**WHAT IS NEEDED:** The answer should hold only the lines from the one that contains "Salty Drifter Gift Card" through the last line of the material, repeated exactly, without pictures.

**DATA:**
'''
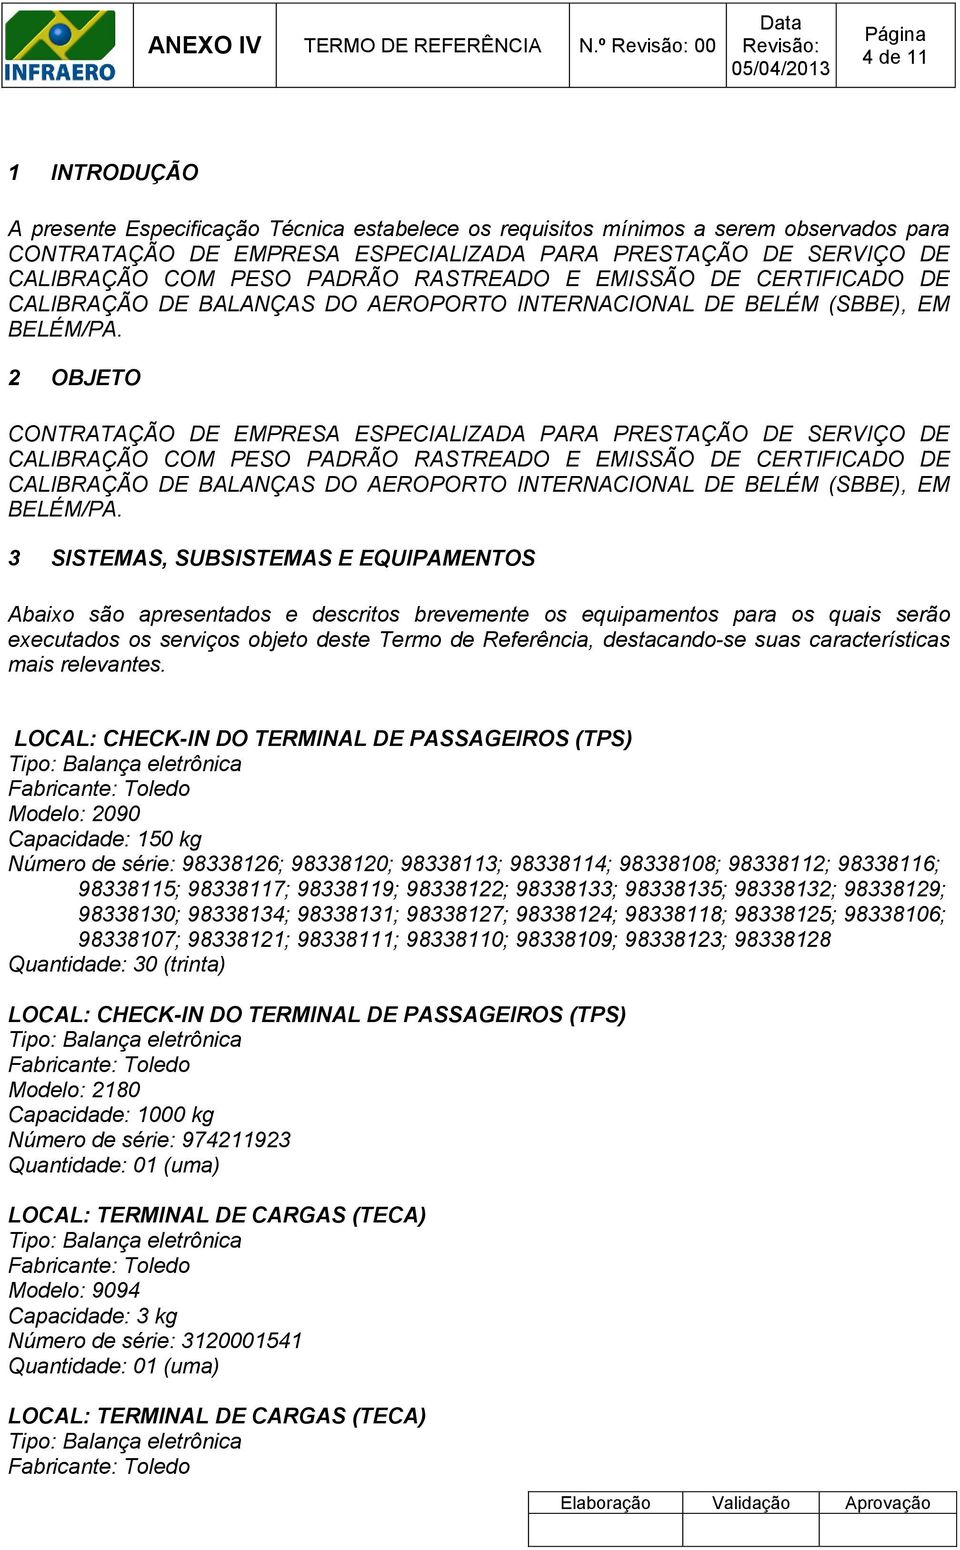 PESO PADRÃO RASTREADO E EMISSÃO DE CERTIFICADO DE CALIBRAÇÃO DE BALANÇAS DO AEROPORTO INTERNACIONAL DE BELÉM (SBBE), EM BELÉM/PA.
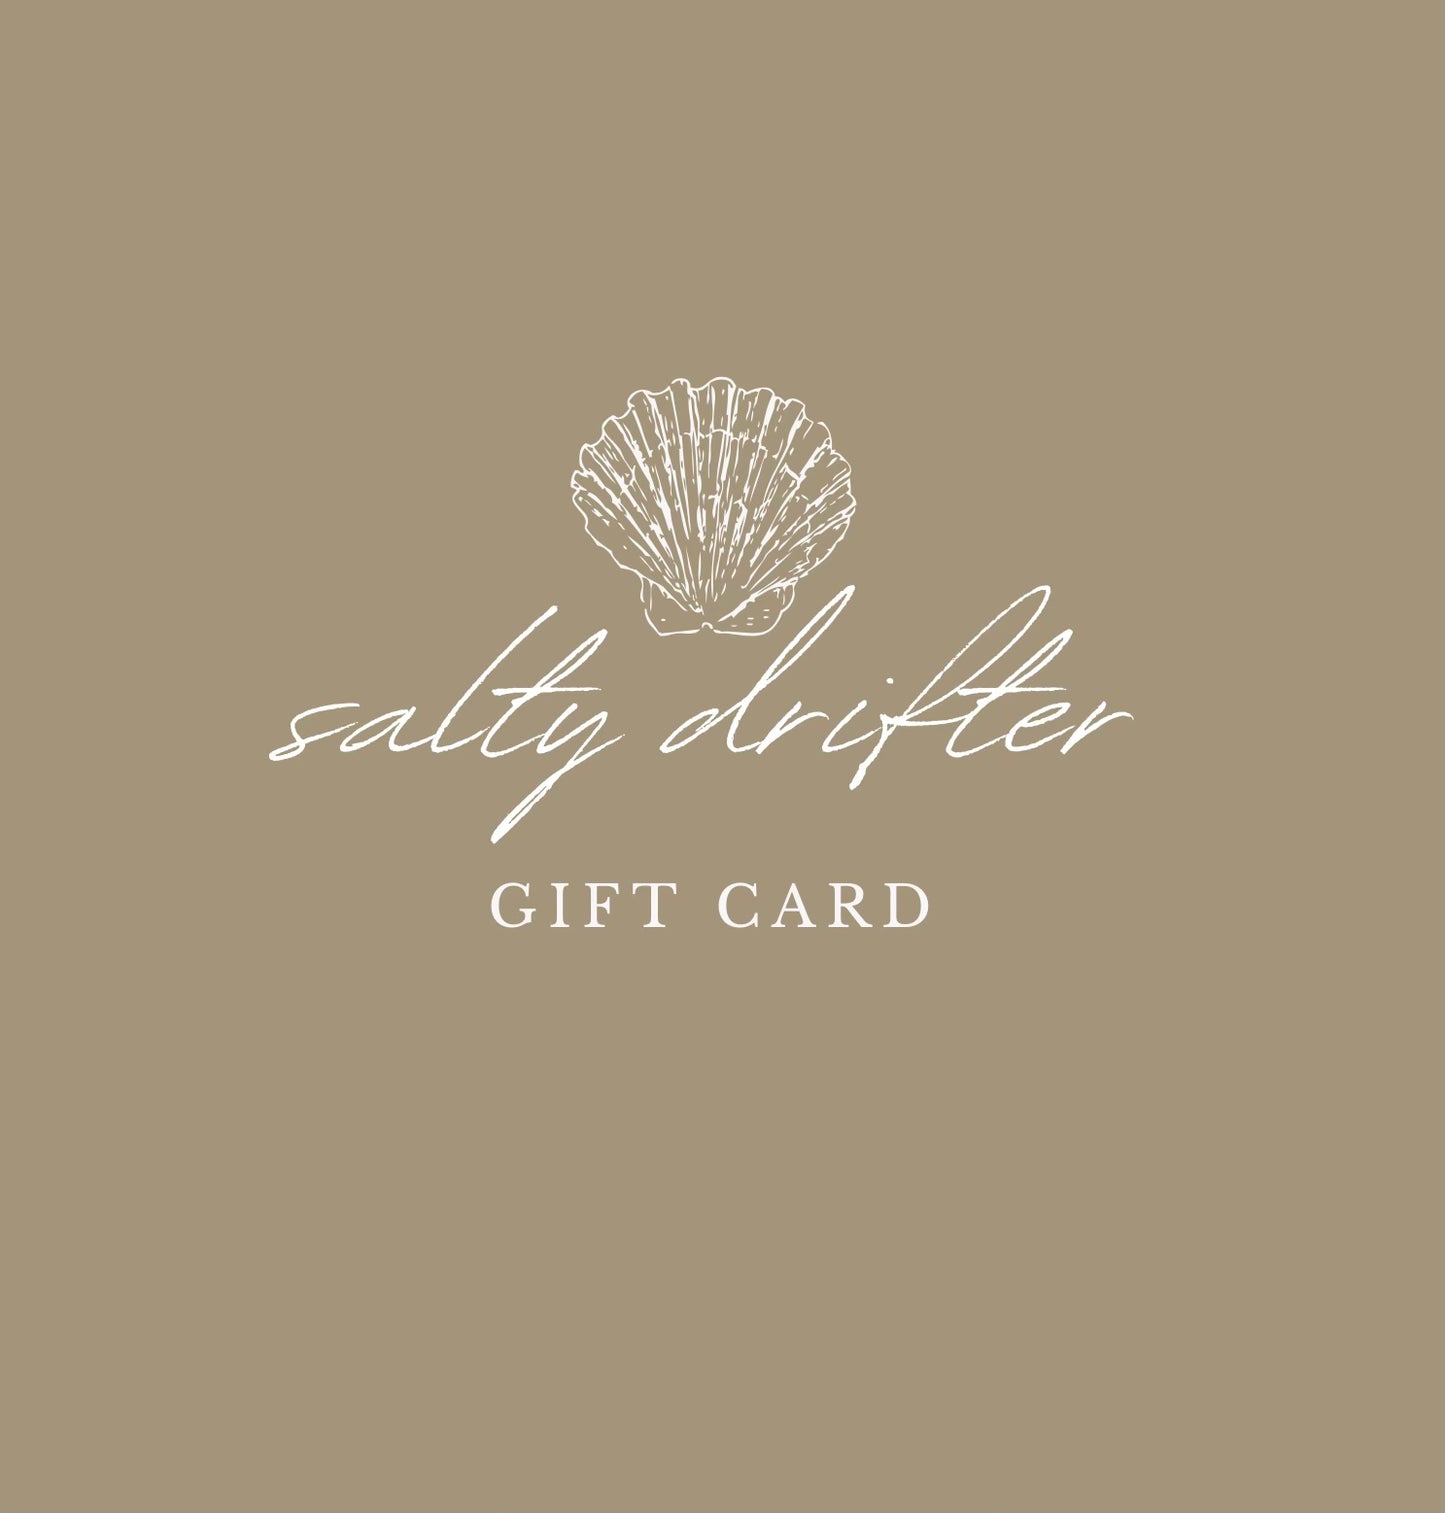 Salty Drifter Gift Card
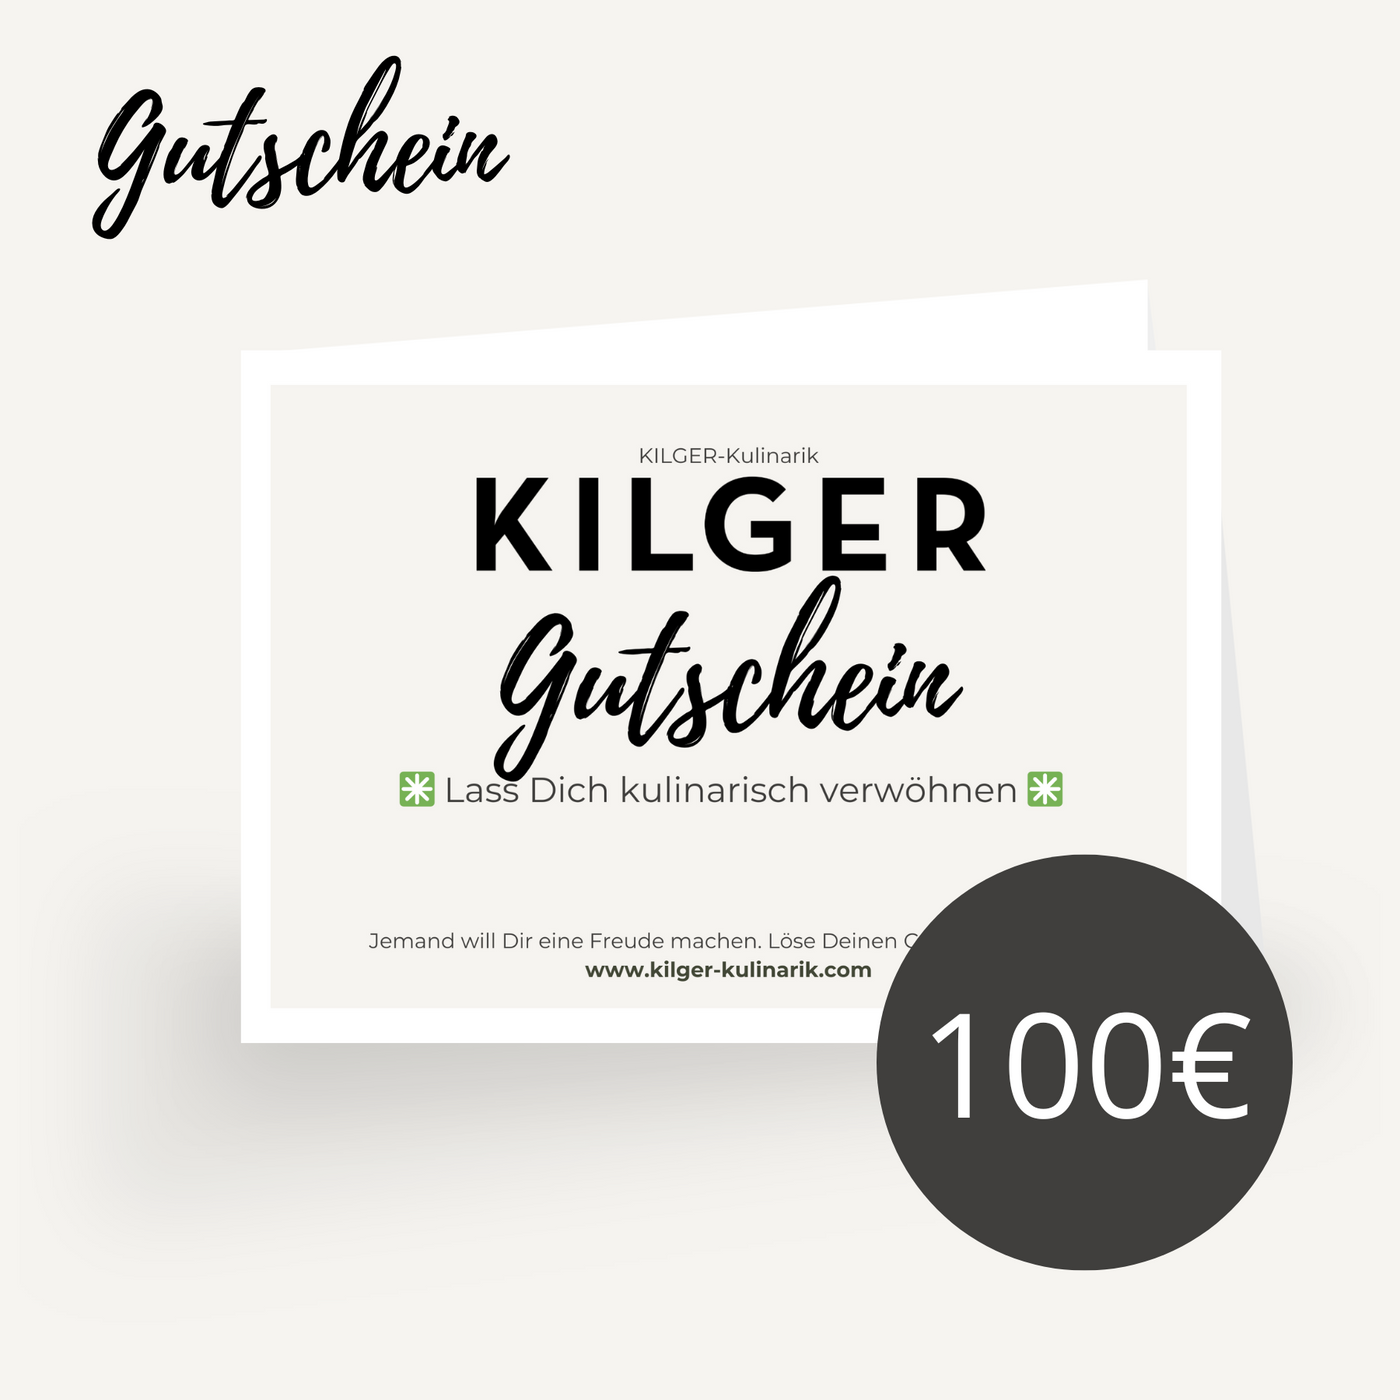 KILGER Kulinarik Gutschein zum Ausdrucken und für's iPhone Wallet
'''
**ANSWER TO THE PROBLEM:**
 Salty Drifter Gift Card
 KILGER Kulinarik Gutschein zum Ausdrucken und für's iPhone Wallet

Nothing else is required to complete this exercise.